Institut für Organische Chemie, Julius-Maximilians-Universität, Am Hubland, 97074 Würzburg, Germany.
Instituto de Biotecnología, UNAM, Chamilpa, Cuernavaca, Morelos 62240, Mexico.
Int J Biol Macromol. 2020 Oct 15;161:898-908. doi: 10.1016/j.ijbiomac.2020.06.114. Epub 2020 Jun 15.
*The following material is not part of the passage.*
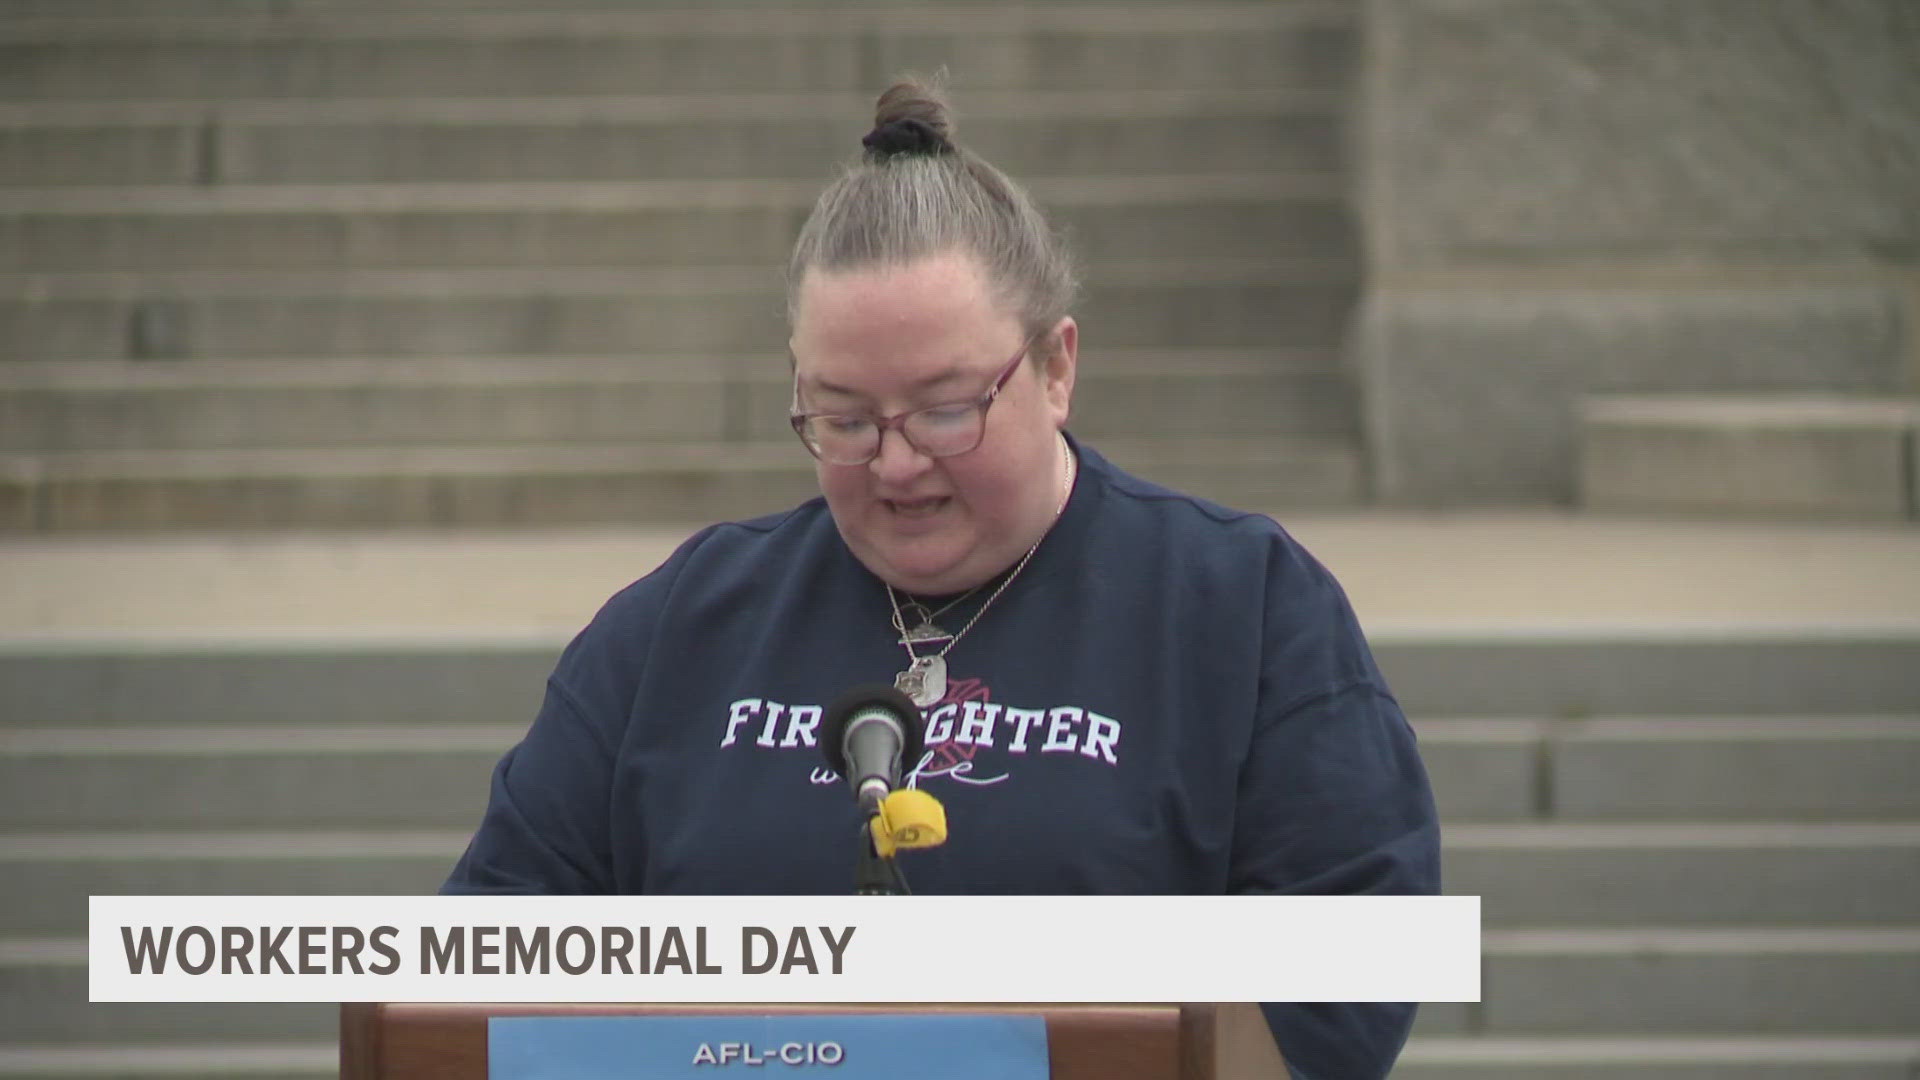 Labor unions gather to remember those who died on the job

Mutation S164A largely affects the transfructosylation properties of Bacillus subtilis levansucrase (SacB). The variant uses acceptors such as glucose and short levans with an average molecular weight of 7.6 kDa more efficiently than SacB, leading to the enhanced synthesis of medium and high molecular weight polymer and a blasto-oligosaccharide series with a polymerization degree of 2-10. A 3-fold increase in blasto-oligosaccharides yield is provoked by the modified interplay between the variant and glucose. Despite its modified product specificity, protein-carbohydrate and protein-protein interactions are still a major factor affecting size and distribution of levan molecular weight. This study highlights the importance of critical factors such as protein concentration in the analysis of wild-type and mutagenized levansucrases. Docking experiments with the crystal structures of SacB and variant S164A - the latter obtained at a 2.6 Å resolution - identified unreported potential binding subsites for fructosyl moieties on the surface of both enzymes.
突变 S164A 极大地影响了枯草芽孢杆菌蔗糖转移酶(SacB)的果糖基转移性质。该变体比 SacB 更有效地利用葡萄糖和短链莱聚糖等受体,其平均分子量为 7.6 kDa,从而导致中高分子量聚合物和聚合度为 2-10 的 Blast-Oligosaccharide 系列的合成增强。变体与葡萄糖之间的相互作用发生改变,导致 Blast-Oligosaccharide 的产量增加了 3 倍。尽管其产物特异性发生了改变,但蛋白质-碳水化合物和蛋白质-蛋白质相互作用仍然是影响莱聚糖分子量大小和分布的主要因素。本研究强调了在分析野生型和突变型蔗糖转移酶时,关键因素(如蛋白质浓度)的重要性。用 SacB 和变体 S164A 的晶体结构进行对接实验(后者的分辨率为 2.6Å),在两种酶的表面上确定了未报告的果糖基部分的潜在结合亚基。